Psychological thriller depicts aspects of Egyptian reality

Until the end of the film, viewers remain wondering whether Adham is Watany or Watany is Adham.

CAIRO - Written and directed by Khaled Youssef, the movie “Karma” could be interpreted as a psychological thriller presenting a panorama of the Egyptian reality.

The film has parallel plots as well as parallel settings. It depicts the dream worlds of two men who look identical. One is a Muslim billionaire businessman named Adham and the other is an extremely poor Christian jobless man called Watany. Egyptian actor Amr Saad outstandingly plays both roles.

Whenever one of the two men falls asleep, he dreams of the other man’s world. Watany looks for a treasure buried under a deserted mosque while Adham looks for true self with the help of his therapist, who is also a mystical, peculiar man craftily portrayed by Khaled el-Sawy. Hence, the film is divided into two worlds: rich and poor, Muslim and Christian.

Both worlds share several aspects. The two men have many enemies regardless of the broad discrepancies between them. The synchronisation of the two plots is deftly made by Youssef.

The film highlights the wide gap between the rich and the poor in Egypt. It depicts the life of a very poor community living in slums and that of the extravagantly rich powerful businessmen living in palaces. Adham rides a helicopter to move around Cairo but Watany cannot afford to buy his daughter, Karma, a simple type of sweets.

The child, Perla, who played the part of Karma, is quite expressive as if poverty makes an adult of her.

Among the other prominent roles in the film is that of Madina, the wife of Watany (played by actress Zeina) who, despite the extreme scarcity, is surviving and is quite supportive of her husband.

“Poverty, Adham, is a humane crime,” the therapist says commenting on Adham’s narration of one of his dreams. “It seems that your soul is rebelling against you but you, through your thoughts, are throwing it in the dark.

“I’m afraid to sleep,” says Adham after he wakes up following one of his dreams of Watany’s world.

The two men continue dreaming of each other’s lives until their paths cross and Watany becomes Adham and Adham becomes Watany. That switch of characters causes humorous situations. Here sectarianism appears on the surface, which is the main reason behind the controversy over the film.

“At this point, several questions are raised, including what is the source of happiness and whether we will be happier after we switch our lives with others or we will be more miserable,” Youssef explained.

Other questions, Youssef said, shed light on the people causing such big social gaps as the film tackles the involvement of businessmen in a major corruption case in the country.

“Get back into the arms of the ‘state’ so we can help you,” says an undefined official named Selim to Adham. The role of the official is well-portrayed by actor Magdy Kamel.

“From now on the Karma laws are the ones that will rule,” Adham tells his assistant in response to a conversation about his struggle with fellow businessmen as well as the state.

Until the end of the film, viewers remain wondering whether Adham is Watany or Watany is Adham, whether they are two men or one man, which adds to the thrilling nature of Youssef’s script.

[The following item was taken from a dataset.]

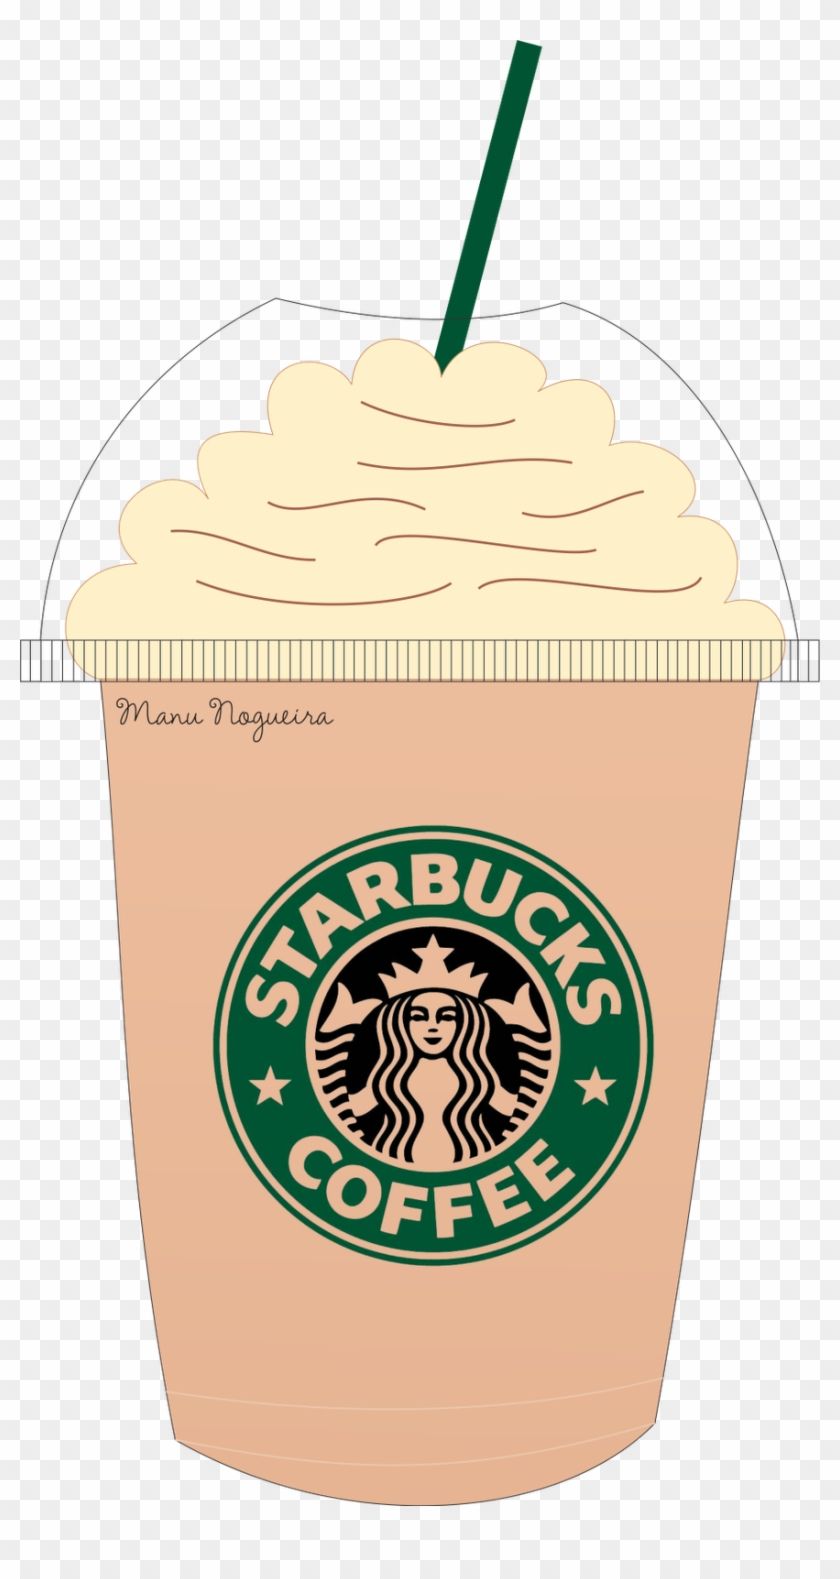 Coffee Starbucks Png Cup Texture Transparent PNG Clipart Image Download

“Since the beginning of the universe, there is no difference between a human being and another. We are the ones who create the differences,” says a voice at the end of the film.

The film has elicited mixed reactions from both critics and viewers.

“It’s not Khaled Youssef’s best film. There is confusion in the script, which does not move smoothly. It could have been better if somebody else other than the director wrote the script,” critic Magda Mouris said.

On the other hand, writer Farida el-Shobashi said the film was typical of Youssef in “a positive way.”

“The film serves a core Egyptian case. The Egyptian citizen, whether Muslim or Christian, suffers from similar dilemmas,” she said.

Similar comments were voiced by viewers.

“The film presents a small panorama of the Egyptian society with all its negative aspects,” said Ali Mohamed, 39.

“As a film, I enjoyed it artistically. Yet I expected the plots to be clearer but, in a nutshell, I enjoyed watching it,” said Heba Youssef, 29.

The film marks Youssef’s comeback to film-making after a 7-year hiatus. Youssef became involved in politics following the Egyptian uprising in 2011 and is now a member of parliament.

Marwa al-A’sar is a Cairo-based journalist.